At Johns Hopkins, Iwashyna hopes to build on his extensive teaching and mentoring experience, teaching talented young researchers to use the tools of social science and epidemiology to solve important problems in acute serious illness. He also hopes to pass on his interdisciplinary thinking and approach to the next generation of students in the School of Medicine working on innovative research in health services research by bringing them to other parts of the university to tap into the resources and knowledge existing in Baltimore.

"Simply put, Johns Hopkins gets the best raw young talent in the world coming as trainees," Iwashyna says. "Through the Bloomberg Distinguished Professorship, I will be able to work across schools and departments to support truly innovative new work in health services research.
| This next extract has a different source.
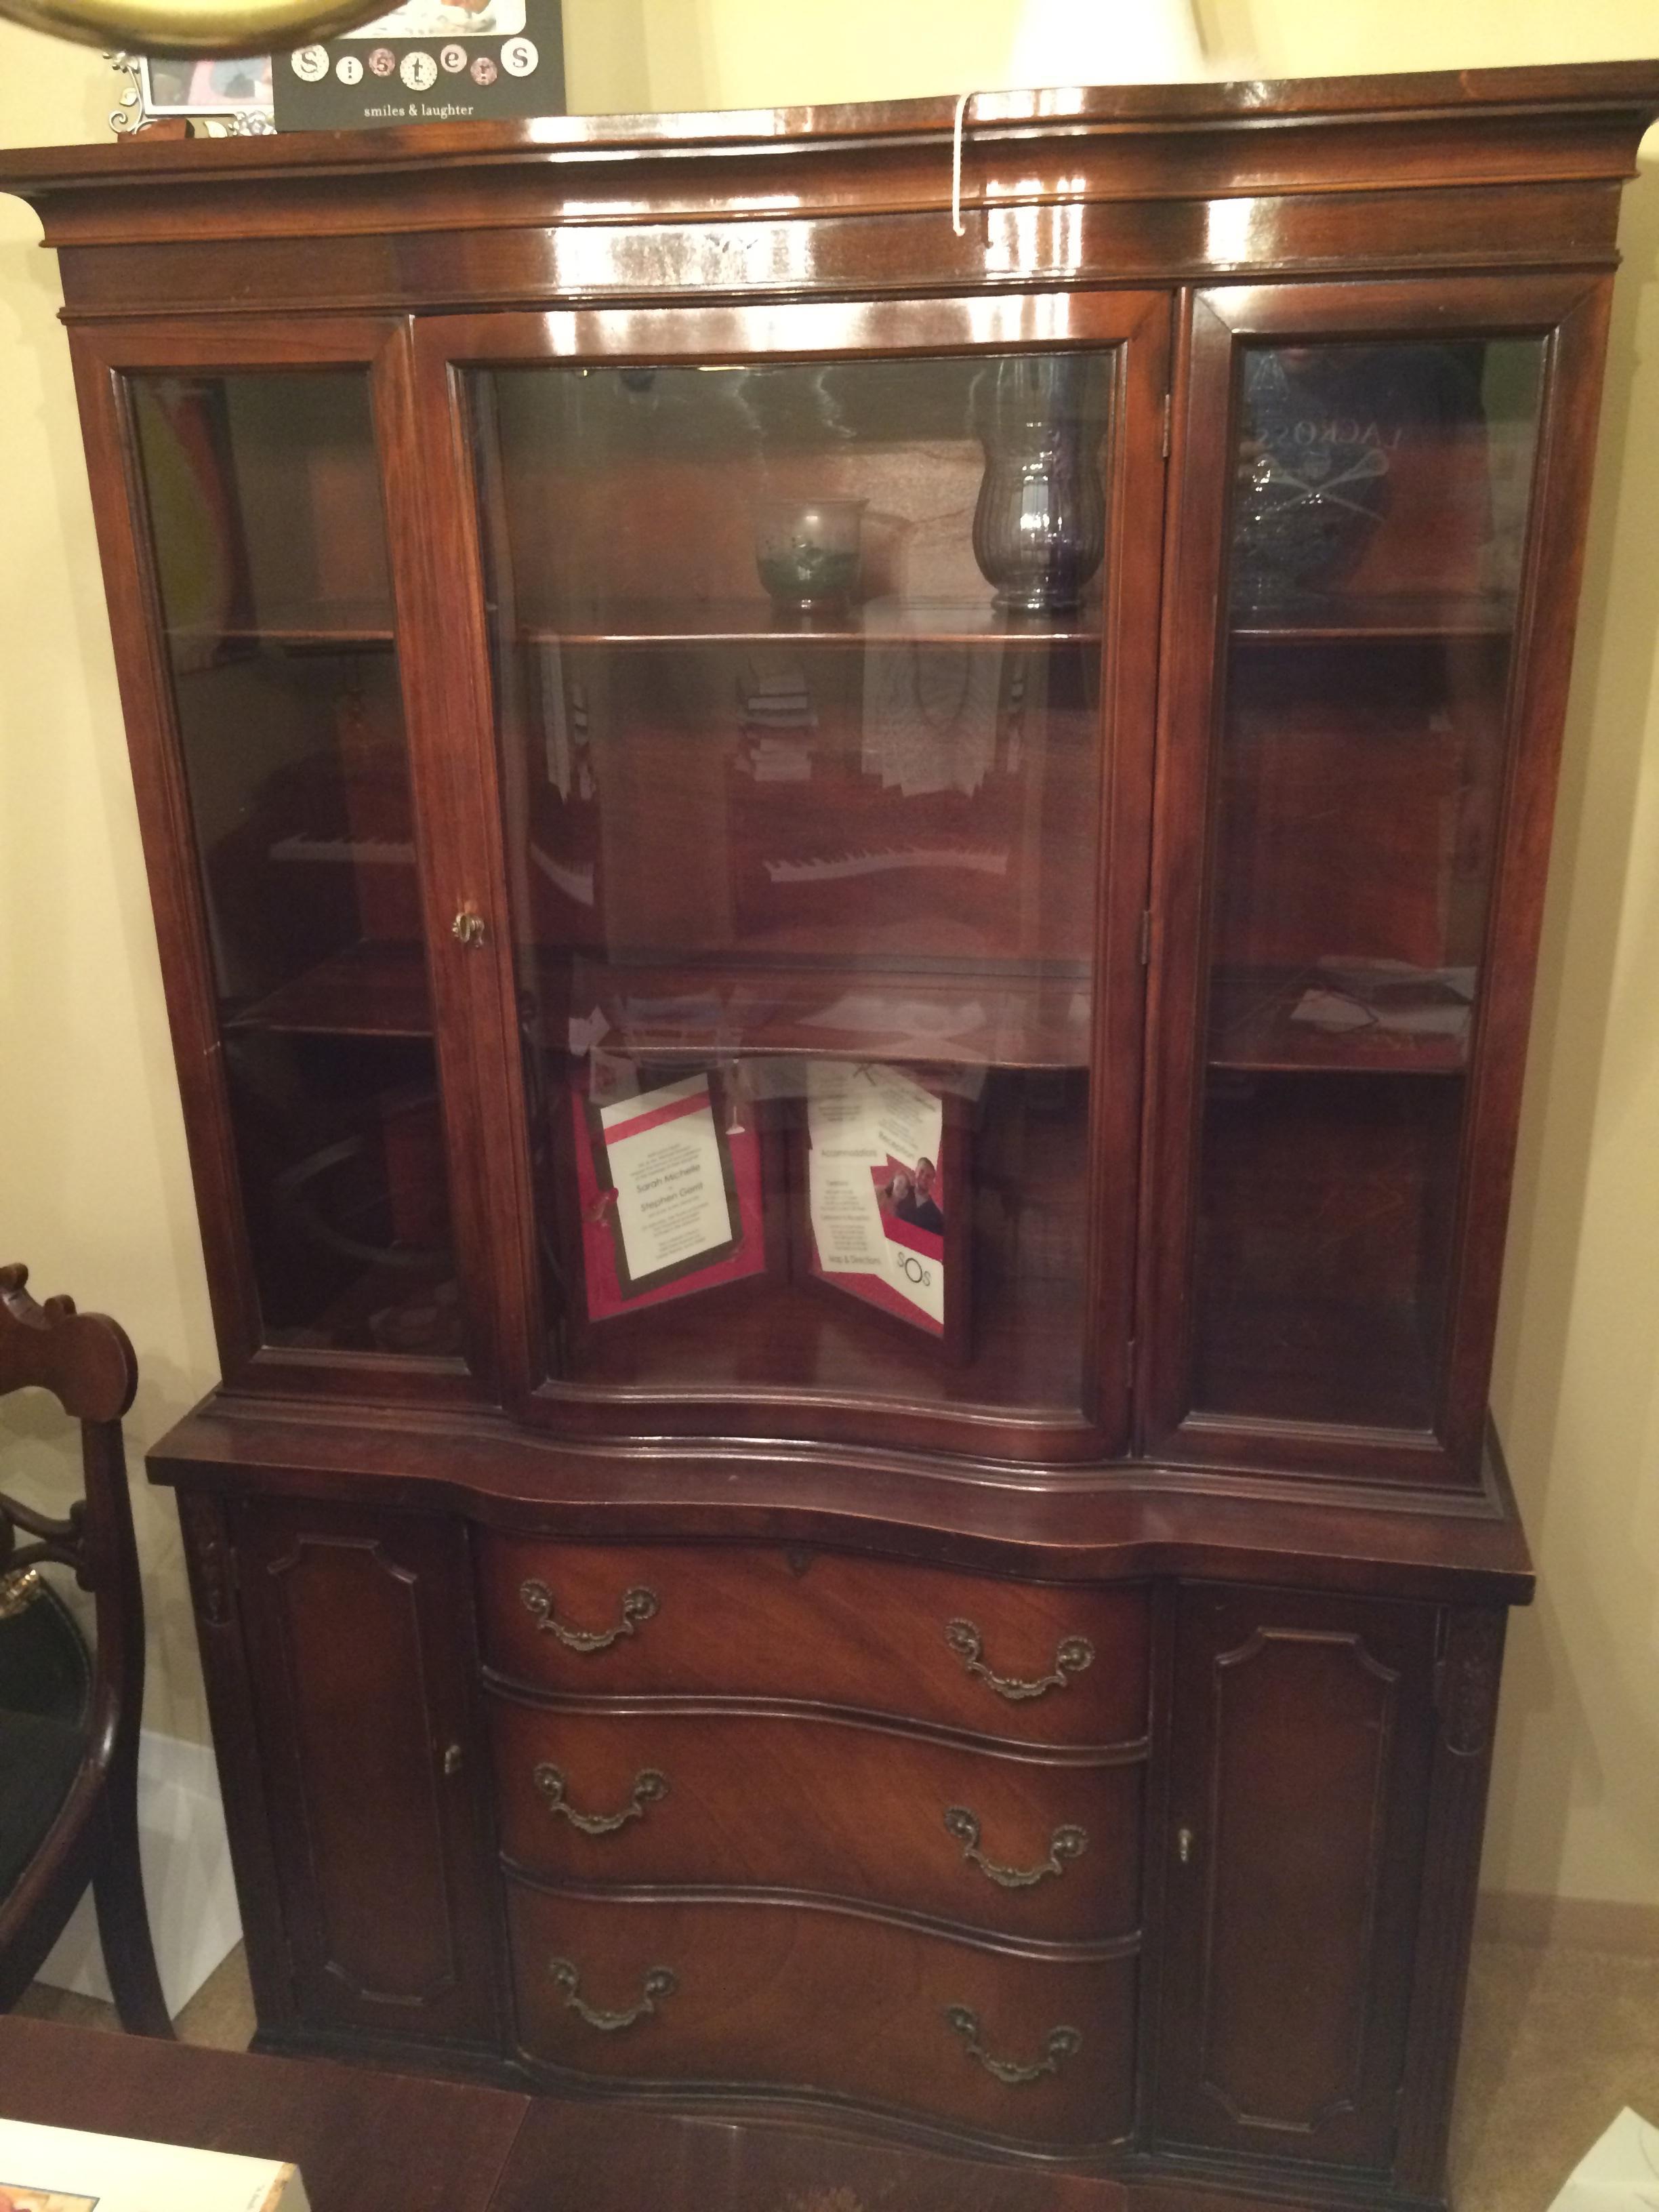 antique dining room hutch antique appraisal instappraisal. Black Bedroom Furniture Sets. Home Design Ideas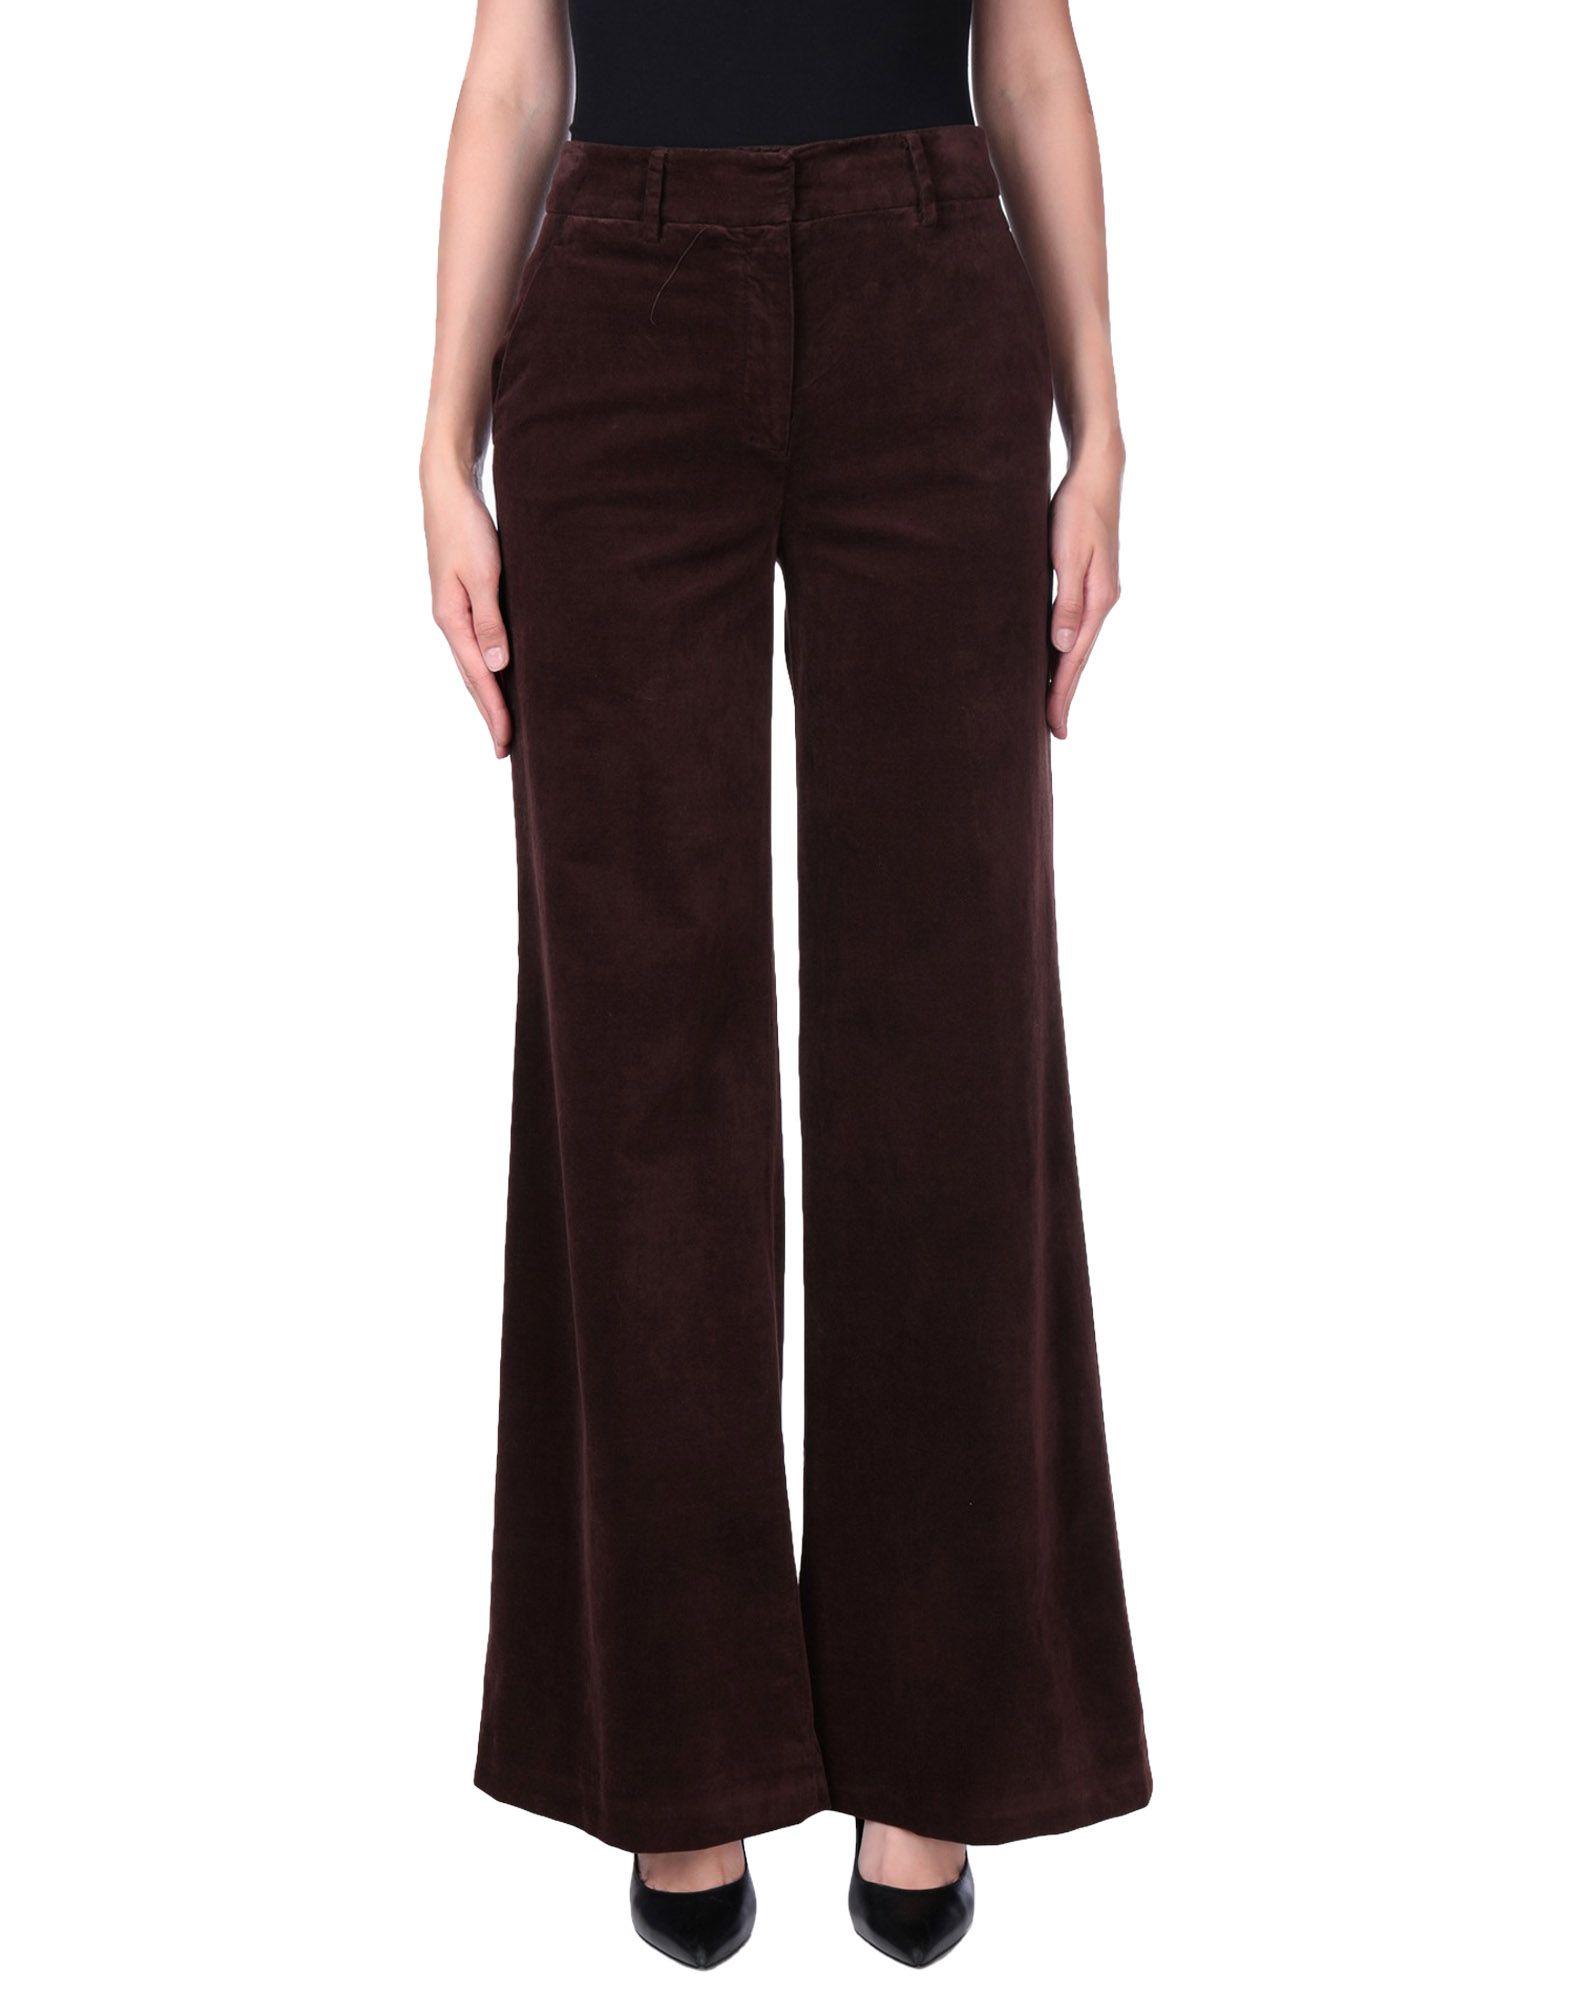 Pantalone Faberge&Roches damen - 13223804IH

My goal is to build microenvironments around the students where they can thrive in these incredibly creative juices combined from the rich sources available to them at Johns Hopkins. If they can stay rooted in specific clinical problems and pull knowledge and tools from other fields, they will become uniquely positioned to answer questions that nobody else knows how to ask. And hopefully, to do this in a way that also asks 'how does this help us overcome the historical and ongoing racism in the medical system?'"

Iwashyna says he looks forward to being in an environment that facilitates thinking across disciplinary boundaries, and that has the knowledge and the resources to carry out large-scale studies as well as policy partnerships to be able to effect real change in the world.

"The distinctive institutional framework of the BDP program and of this cluster structure is that it creates a wide network of brilliant researchers to learn from and collaborate with that would otherwise take much longer to find and build up," Iwashyna says. "Working within this cluster will elevate my research and make it easier to discover and connect with folks across Johns Hopkins University."

"We are excited to welcome Jack Iwashyna as the next Bloomberg Distinguished Professor and a member of the Knowledge to Action and the Business of Health BDP cluster," JHU Provost Sunil Kumar says. "As an interdisciplinary researcher with a commitment to social justice in medicine, he will connect with colleagues across Johns Hopkins and make valuable contributions to the cluster's research direction. As a teacher and mentor, he will be instrumental in shaping the way that young scientists and physicians think about the intersection of critical care and social science."

"The BDP program encourages creative, collaborative thinking to solve some of the most vexing problems," says Theodore DeWeese, interim dean of the Johns Hopkins University School of Medicine and interim CEO of Johns Hopkins Medicine. "Jack Iwashyna's career has embodied exactly that same spirit. For decades, his work has challenged the status quo in his field of pulmonary medicine, always with the goal of improving the treatment outcomes for patients. He's an important voice in many of the most pressing conversations in medicine and we are lucky that he is part of Johns Hopkins. I'm excited to follow Dr. Iwashyna's research as he begins this new role as a Bloomberg Distinguished Professor."

"Dr. Iwashyna brings remarkable vision, drive, and experience to the Bloomberg School of Public Health," adds Ellen J. MacKenzie, dean of the Bloomberg School. "Throughout his career, he has asked tough questions about the realities of medical care, forged new paths in research, and worked continually to improve health outcomes and health equity. As a Bloomberg Distinguished Professor, I know he will build strong partnerships across our institution and make a powerful impact on the future of health policy."

As a Bloomberg Distinguished Professor, Iwashyna joins an interdisciplinary cohort of scholars working to address major world problems and teach the next generation. The program is backed by a gift from Michael R. Bloomberg, a Johns Hopkins alumnus, founder of Bloomberg LP and Bloomberg Philanthropies, World Health Organization Global Ambassador for Noncommunicable Diseases and Injuries, and 108th mayor of New York City.